## Task objective
Quote each line of the material verbatim, without the pictures.

-- Source data follows --

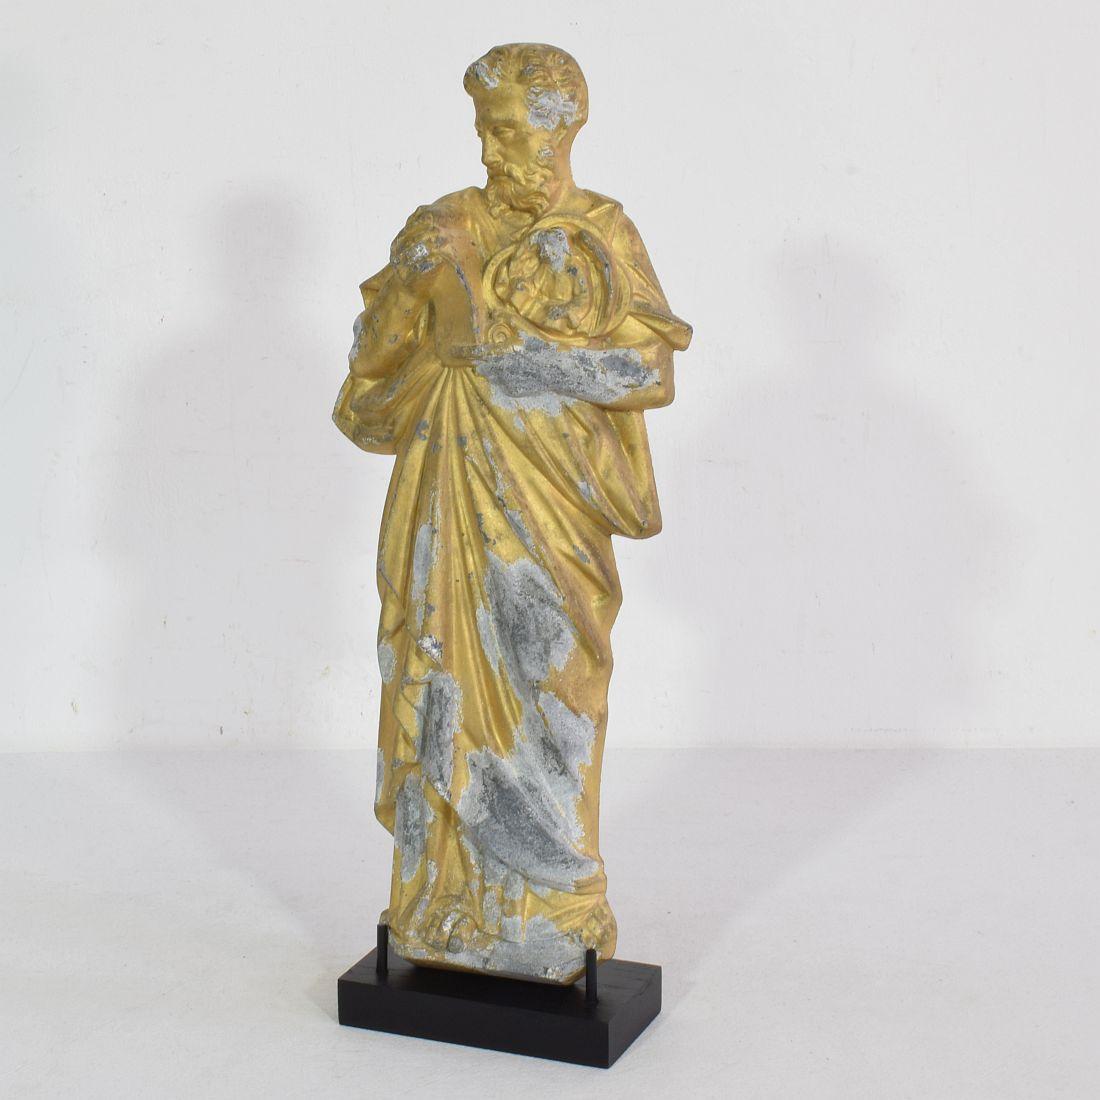 Merveilleuse statue de saint en métal doré avec une belle expression,
France, vers 1880-1900.
Météorisé. Les mesures comprennent la base en bois.

-- Source data concluded --

## Task solution
 Merveilleuse statue de saint en métal doré avec une belle expression,
France, vers 1880-1900.
Météorisé. Les mesures comprennent la base en bois.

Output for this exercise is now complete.